2. System Architecture

As is the case with many other regional hospitals, Puli Christian Hospital lacks the financial resources to purchase expensive PACS facilities. In order to reduce costs and use the current available resource, and also because of the availability of the personal computer, this PCH-PACS system is developed based on the PC-Windows platform. One immediate and obvious advantage to this is that there is virtually no training expenses involved since the Windows-based operating system is very popular in this country. Basically, this system can be divided into two parts: database design and image processing (including acquisition and retrieval). This system evolved in several distinct stages. Originally it was built under Visual Basic and Access databases. Later, the VBA (Visual Basic Applications) embedded with the Access component was used as the front end program, and the SQL server was used as the back end database. After the Microsoft Company came out with their new Operating System and software, this system incorporated the advantage of the continuous update feature, giving it better stability under the Microsoft XP .NET framework. Figure 1 shows this in-house self-made software system.
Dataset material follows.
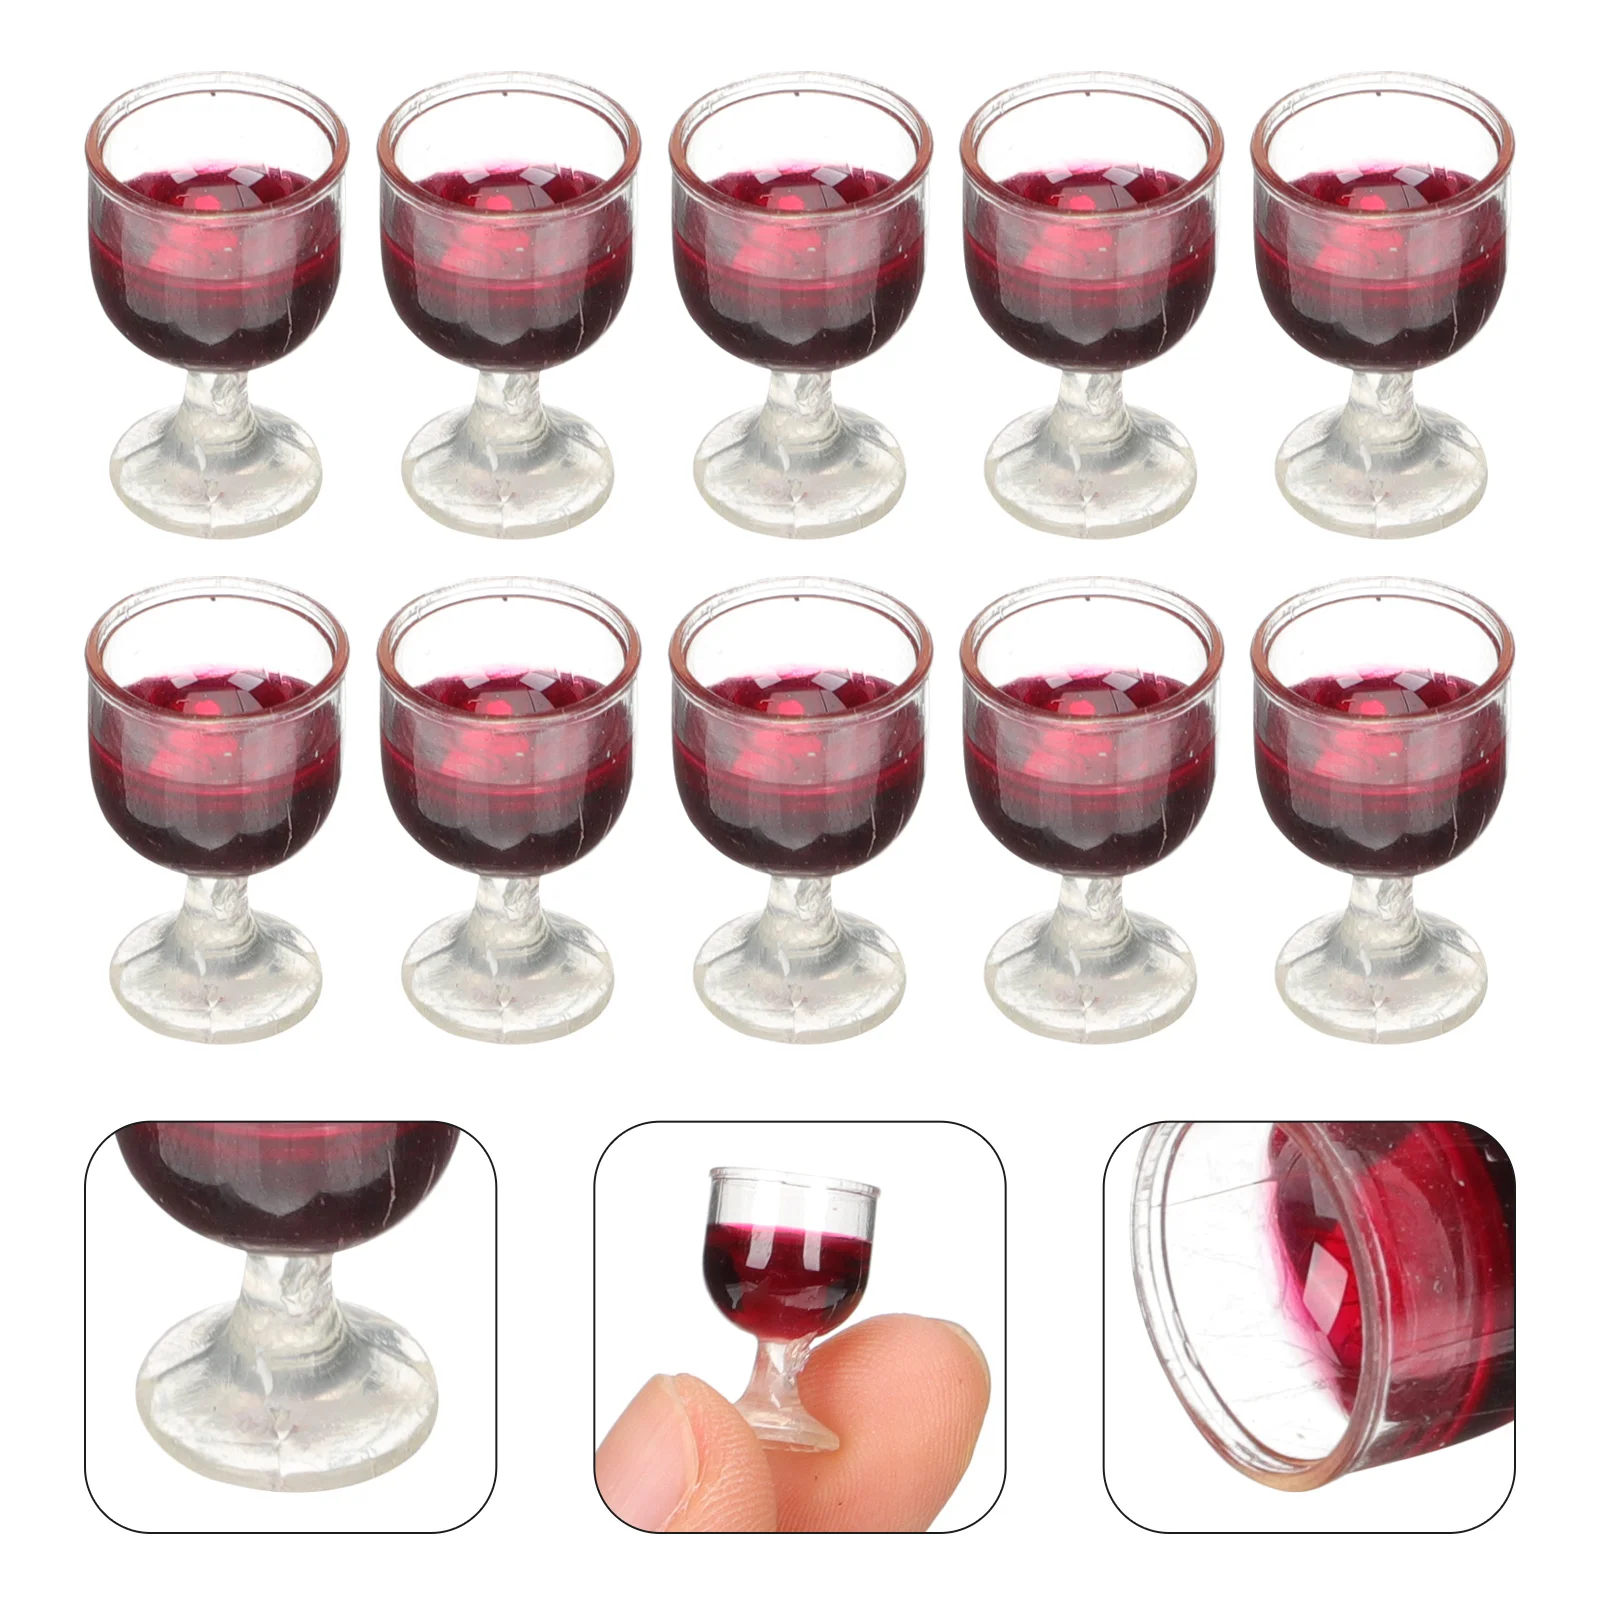 10 Pcs Glassess Dollhouse Glass Miniature Decoration Accessories Micro Food Play Props Decorative Tiny Dolly Glasses tooarts glass set stack glasses fish shaped cup cocktail glass desktop decoration wedding furnishings housewarming gift three color

Figure 1 The self-made PACS system used in PCH.

2.1. Medical Database Design

In order to synchronize the PACS system with the original Healthcare Information System (HIS) and to reduce the development costs, the minimum requirement for the database is that the PACS system database schema should be designed to fit for implementation in a relational database. In addition, the medical database management systems and applications developed to manipulate data stored in databases should provide reporting functions easily and communicating with other packages effortlessly. The Access and SQL database were chosen because of these flexibilities. Access is embedded with VBA as the front end program, and the SQL server is used as the back end database server. The SQL server is a robust database; it can handle huge dataset even if they are located on different hard drives. They are Microsoft software and can embed other Microsoft components. Their statistical functions are useful and can be adopted for medical statistical reports. The data integrity features allow them to maintain consistent medical data constraint when new records are added to the database. The data security feature is capable of protecting sensitive information with varying levels of access privileges. The concurrency control allows different physicians to access, manipulate and update this database simultaneous at the same time in different locations. Automatic periodically backup is performed to protect this medical database. Either from the viewing workstation or from the server, the strong backup system protects the electronic health records and the medical images well. After years of operations under real-life situations, it has been determined that a robust database is the foundation of a successful PACS system. This medical database not only may be used to store the information securely, but it can also function as a communication channel to provide fast and accurate data retrieval and display.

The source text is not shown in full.